The Manufacturers’ Association of Nigeria (MAN) has warned that the trade war brewing between the United States of America, and its trade partners, and the imposition of 14 percent tariff on Nigerian goods, may stall Nigeria’s plans to fully execute its ambitious N54.99 trillion budget in 2025; and compromise the long-term goal of achieving export diversification under platforms such as the African Continental Free Trade Agreement (AfCFTA).
The association, in a statement, further expressed concerns than the country’s plans of making the largest-ever investments in critical sectors, especially in areas, such as: National Security, where it earmarked the highest defence allocation of N6.11 trillion, in history, may be threatened with the new tariff regime.
MAN noted that the new tariff is coming at a time when the country’s economy is most vulnerable, especially with the downward trend in global crude oil prices, which have already fallen below the government’s benchmark of $75 per barrel, which the country is presently facing.
“The tariff hike, therefore, comes at a vulnerable moment when the country is just recovering from the impact of the government policy mix that has had negative effects on the manufacturing sector,” it added.

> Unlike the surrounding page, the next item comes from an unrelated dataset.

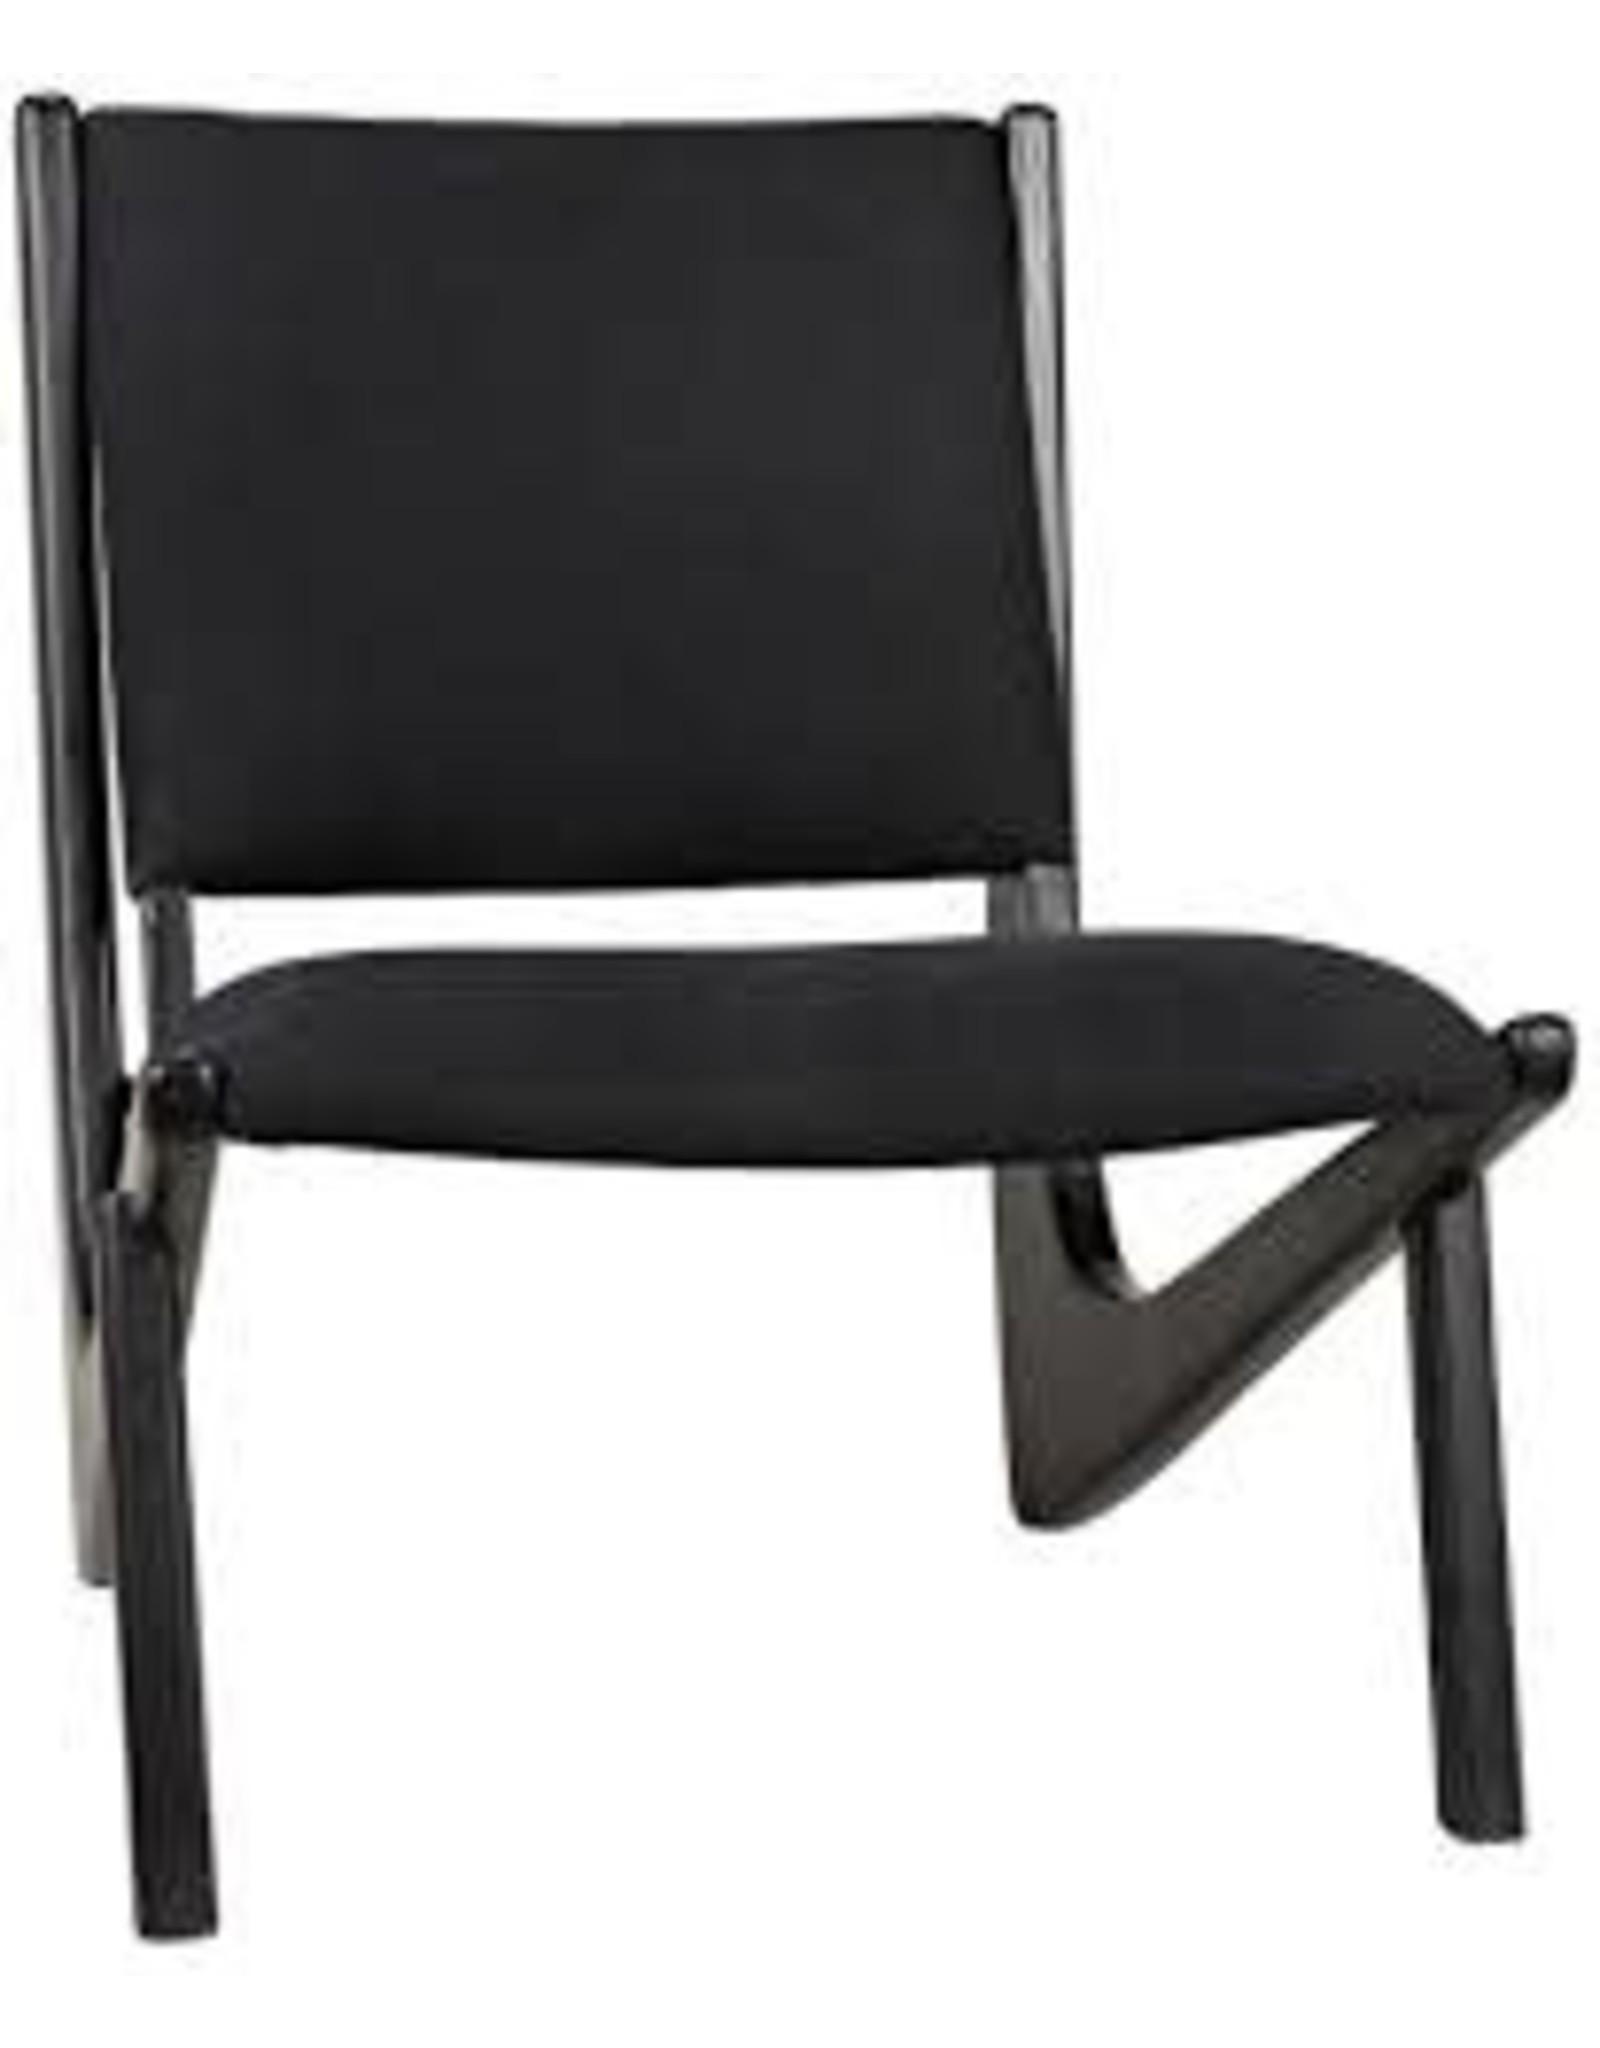 Website Noir Boomerang Chair

On the impact on the nation’s manufacturing, the association believed the imposition of a 14 percent tariff on Nigerian exports in the US may hinder the competitiveness of such goods in that market.
According to MAN, Nigeria’s manufacturing sector contributed 8.64 percent to the country’s GDP in 2024, with the association’s members, who are exporters in Agro-Processing, Chemicals and Pharmaceutical, Basic Metal, Iron & Steel, Non-Metallic mineral products and other light industrial manufacturing, relying heavily on the U.S. for market access.
It, therefore, believed a new trade policy and the imposition of a 14 percent tariff on Nigerian exports, may significantly affect such members and create some decline in their activities.
“For instance, processed agricultural goods such as cocoa derivatives, sesame seeds, and ginger, which have gained modest penetration in U.S. markets, are likely to witness a drop in export volume, and revenue losses,” MAN argued.
Besides revenue losses, the new tariffs, the association noted, may also constitute a significant disincentive to firms investing in value-added manufacturing.
It argued that higher market-entry costs, due to higher tariff on Nigerian products, may wipe off strategic efforts by manufacturers to support the country’s transition from exporting raw commodities to semi-processed and finished goods, reduce profitability of such investments, and make it more attractive for firms to revert to exporting raw materials.
“This is counterproductive to Nigeria’s industrialisation agenda and compromises the long-term goal of achieving export diversification under platforms such as the African Continental Free Trade Agreement (AfCFTA),” it added.